With retail prices of onion spiking after the recent removal of export duty, the government has intensified its effort to regulate prices by increasing sales from 'buffer stock' in wholesale markets. Consumer Affairs Secretary Nidhi Khare on Monday said the Centre has started pulling out onions from its 'buffer stock' in the wholesale markets of Delhi and other major cities. The government plans to sell subsidized onions across the country. Just about 10 days back, the government had scrapped the minimum export price of $ 550 per tonne of onions.

Khare said, "We expected a jump in prices after the removal of export duty. With a buffer stock of 4.7 lakh tonnes and increased area for Kharif sowing, we hope that onion prices will remain under control." The government is planning to increase retail sales of onion at a subsidized rate of Rs 35 per kg across India. In this, more attention is being given to those cities where prices are higher than the national average.

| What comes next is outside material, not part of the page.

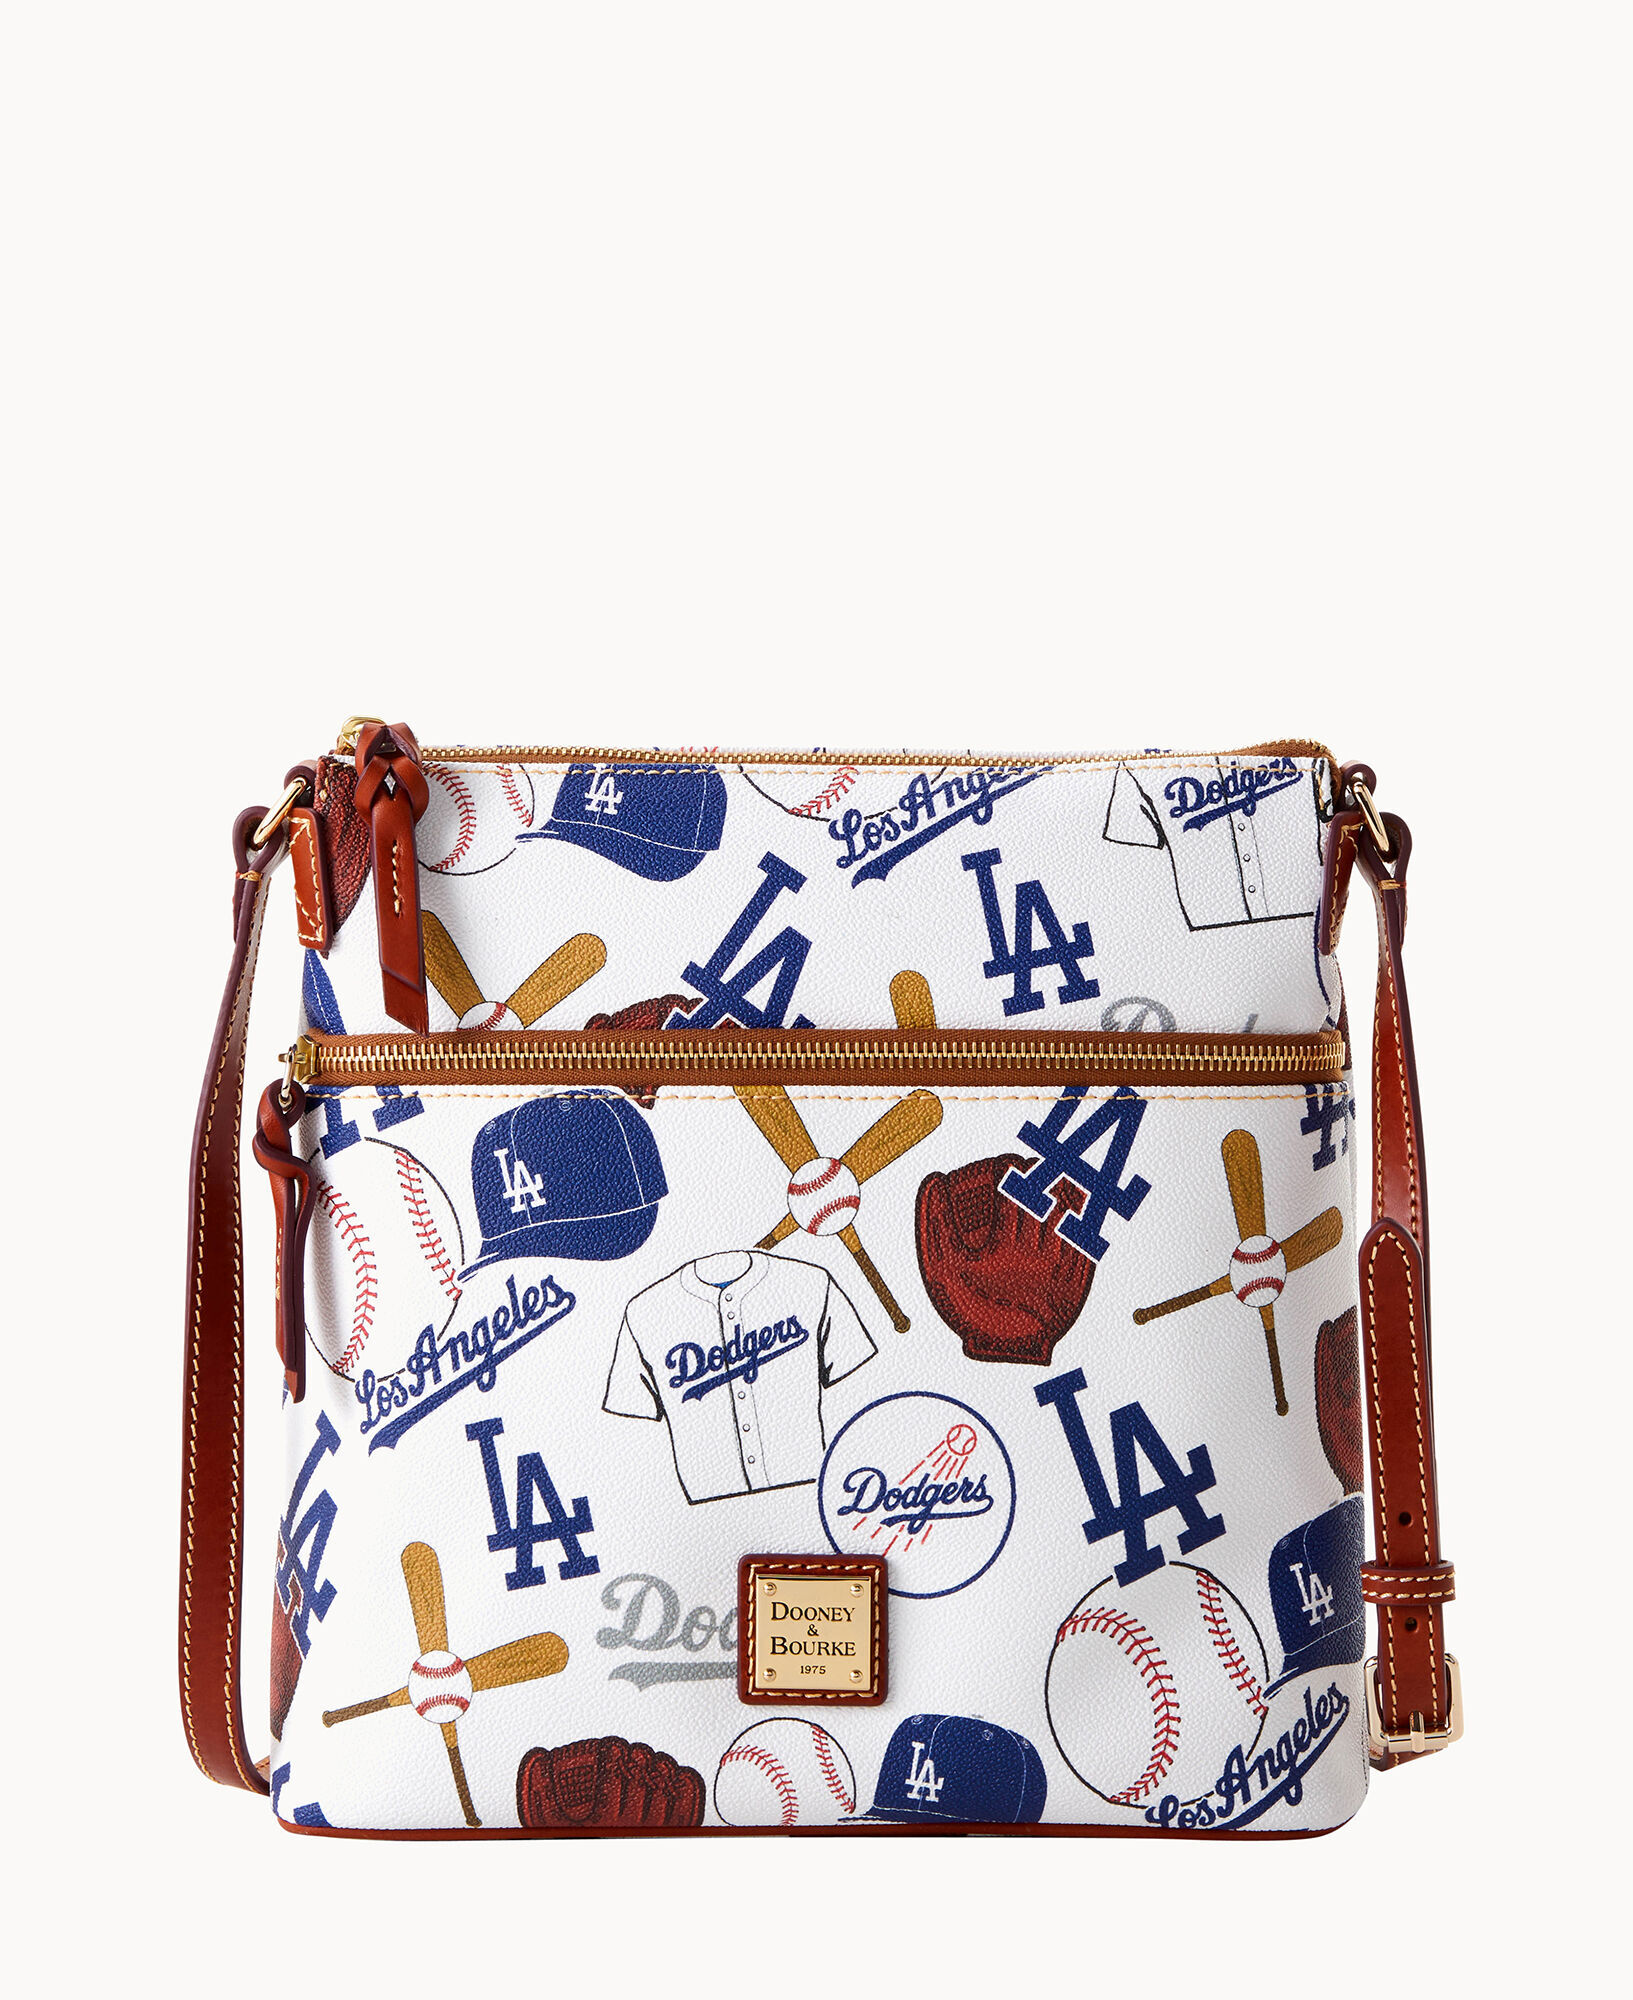 Los Angeles Dodgers Dooney & Bourke Sporty Monogram Continental Clutch

According to official data, the retail price of onion in Delhi on September 22 was Rs 55 per kg, which was Rs 38 per kg in the same period a year ago. Prices in Mumbai and Chennai have reached Rs 58 and Rs 60 per kg respectively. The government has been selling onion at the rate of Rs 35 per kg since September 5 through mobile vans and shops of National Cooperative Consumer Federation of India (NCCF) and National Agricultural Cooperative Marketing Federation of India (NAFED) in Delhi and other state capitals.

On edible oils, he admitted that the prices had been hiked following the recent import duty hike. He added that such a decision was meant to protect local farmers. The center had increased import duty on crude palm oil by 20 percent and processed sunflower oil by 32.5 percent to increase demand for domestic oilseed farmers and processors.

On tomatoes, Khare said the government will monitor the trends and intervene if needed. With domestic production of tur and urad remaining good and imports of pulses picking up, Khare exuded confidence over prices of pulses stabilizing in the months to come.